As we wait out the February doldrums, Rob Manfred has taken up arms against one of baseball’s oldest enemies: pace of play. After devoting last winter to the phantom terrors of the pitch clock, and then promptly forgetting about it, an autumn spent with Pedro Baez appears to have reopened the commissioner’s psychological scars. The result: a proposal that would place a runner on second base in extra innings. The logic is to reduce game length by cutting out some of what is by definition its tightest and most compelling moments. Public reaction, thus far, has been less than favorable.
This proposal will probably disappear, and the pitch clock, which sensibly attacks the actual pace of the game rather than its length, will likely return to the forefront. Though we lack polling, time is hardly the most important issue in the game to most fans, who would rather look at public financing, minority hiring and outreach, cable blackouts, or good old fashioned ticket prices as bigger problems facing the grand old game. But however clumsily the idea gets implemented, the pace-of-play non-problem is going to get solved, sooner rather than later.
The proof is in other sports. The Game, by Ken Dryden, is hockey’s seminal autobiography, exploring a week in the Hall of Famer’s final season. Like Ball Four, Dryden’s 1977 book ventures into the locker room, but it’s less interested in humanizing its players as it is personifying the relationship between them; though each teammate has his quirks, the writing seems to tap into their collective energy, as if each player were an unknowing limb of a single creature. As the book winds down, the author goes full Melville, pulls the lens back even farther, abandons all pretense of narrative and philosophizes on the entire sport as a single life, telling the story of its development through adolescence into adulthood.
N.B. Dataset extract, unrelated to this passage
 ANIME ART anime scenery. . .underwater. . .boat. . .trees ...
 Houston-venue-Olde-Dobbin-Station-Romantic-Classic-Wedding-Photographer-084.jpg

Hockey, according to Dryden, evolved imperfectly. We think of sports as refining, improving, but every now and then a sport will get stuck somewhere: a dominant strategy is discovered and exposed, and the sport must adapt itself around that change in style or eliminate it. To Dryden, hockey had this chance and failed:
Since then [the legalization of the forward pass], for nearly fifty years, the story of hockey has been speed. It was the forward pass that gave speed its chance; later it was the center red line, better ice conditions, better equipment, better training and conditioning of players, and shorter shifts that accelerated its impact. But it was speed unaccommodated, never allowed to work, because the playing patterns, skills, and attitudes of our game never changed to make it work. As a result, the major developments of our hockey–forechecking, the dump and chase, escalating violence, the slap shot, tactical intimidation, the adrenaline attitude of the game–are all logical implications in a pyramid of implications with unharnessed, undirected speed as their root.
The sport of hockey has changed a little in the 40 years since; fighting, for example, was at its zenith in Dryden’s day, and the league eventually extracted a majority of it from the sport’s culture. But the force of speed on the game—on all sports, in fact—is undeniable.
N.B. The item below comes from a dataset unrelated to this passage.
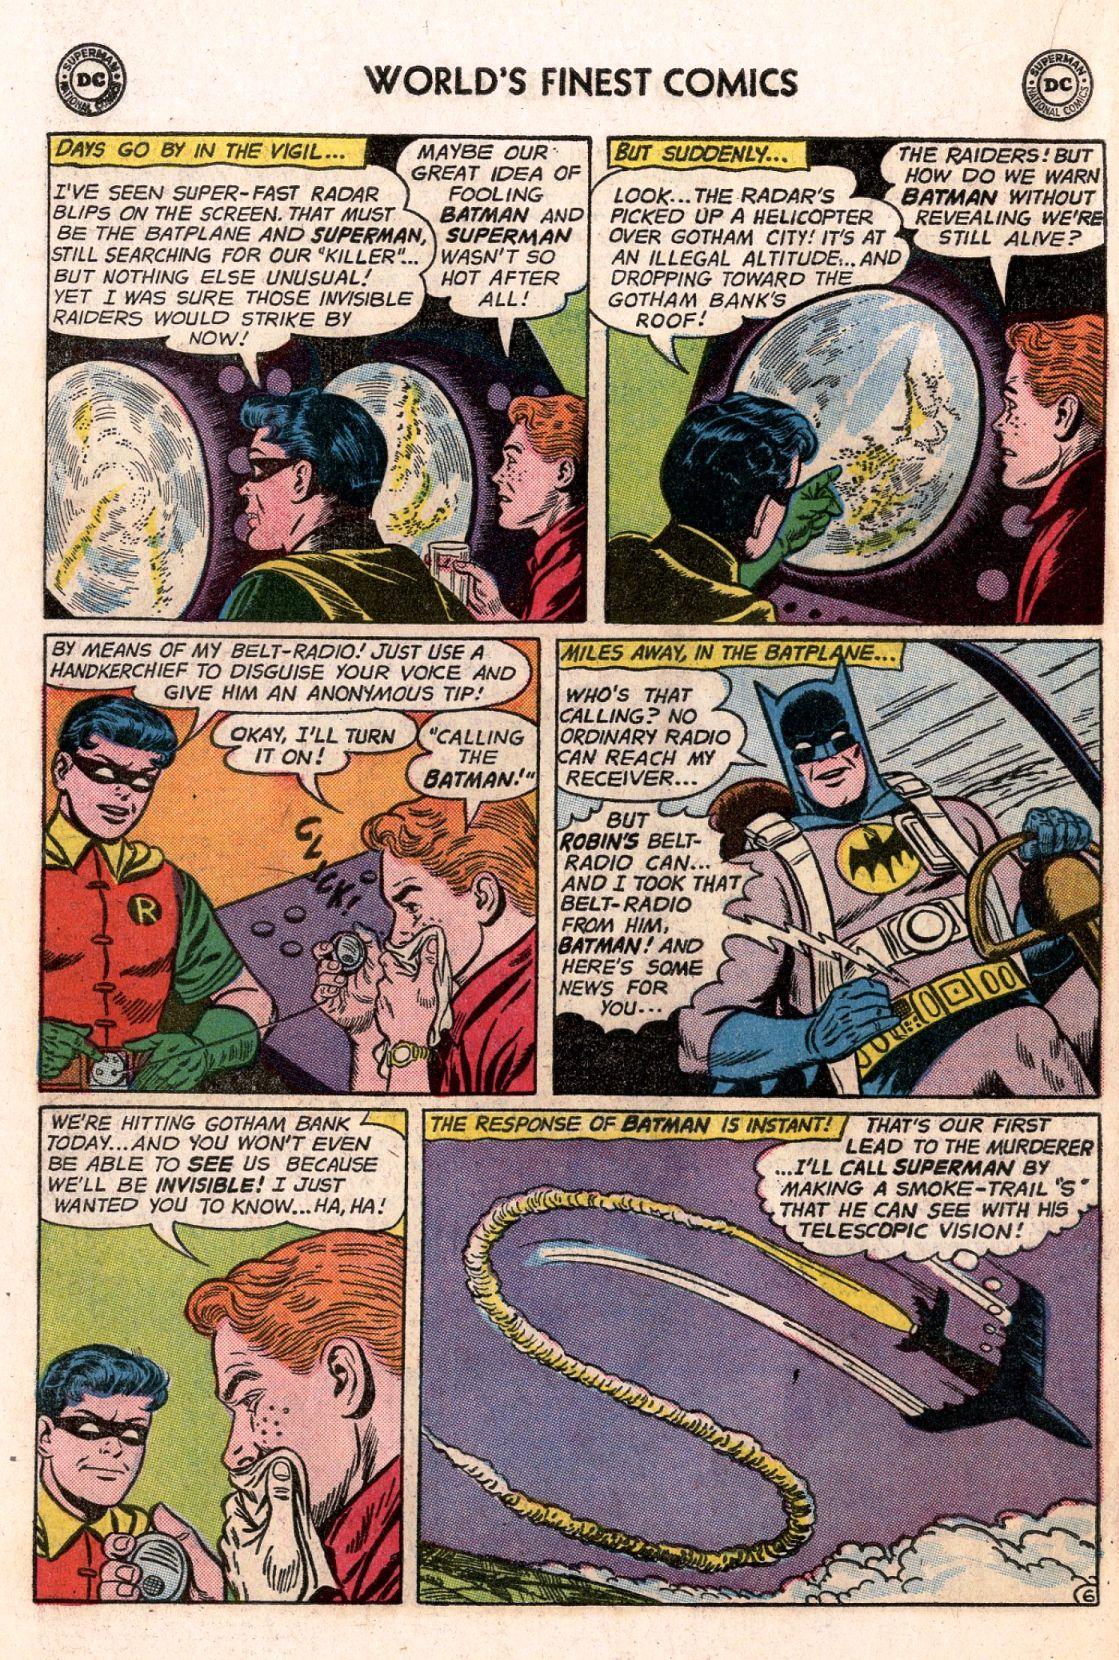 Read online World's Finest Comics comic -  Issue #141 - 18

Speed, in all its permutations, begets compromise. Dryden continues:
What happens to a game when it speeds up? What happens to its patterns and skills and to those who play it? I once read an article on senility in which the writer said that what many regard in the elderly as a hopeless inability to function is often nothing of the kind. Instead it has to do with a shattering of pace. … It is no different for a game when it speeds up. Simply, it becomes harder to play. Offense, defense, team skills, individual skills; with less time for each, each must be done more quickly … And if we don’t find enough time, if the game moves too fast for its patterns and skills, it loses its coordination and breaks down.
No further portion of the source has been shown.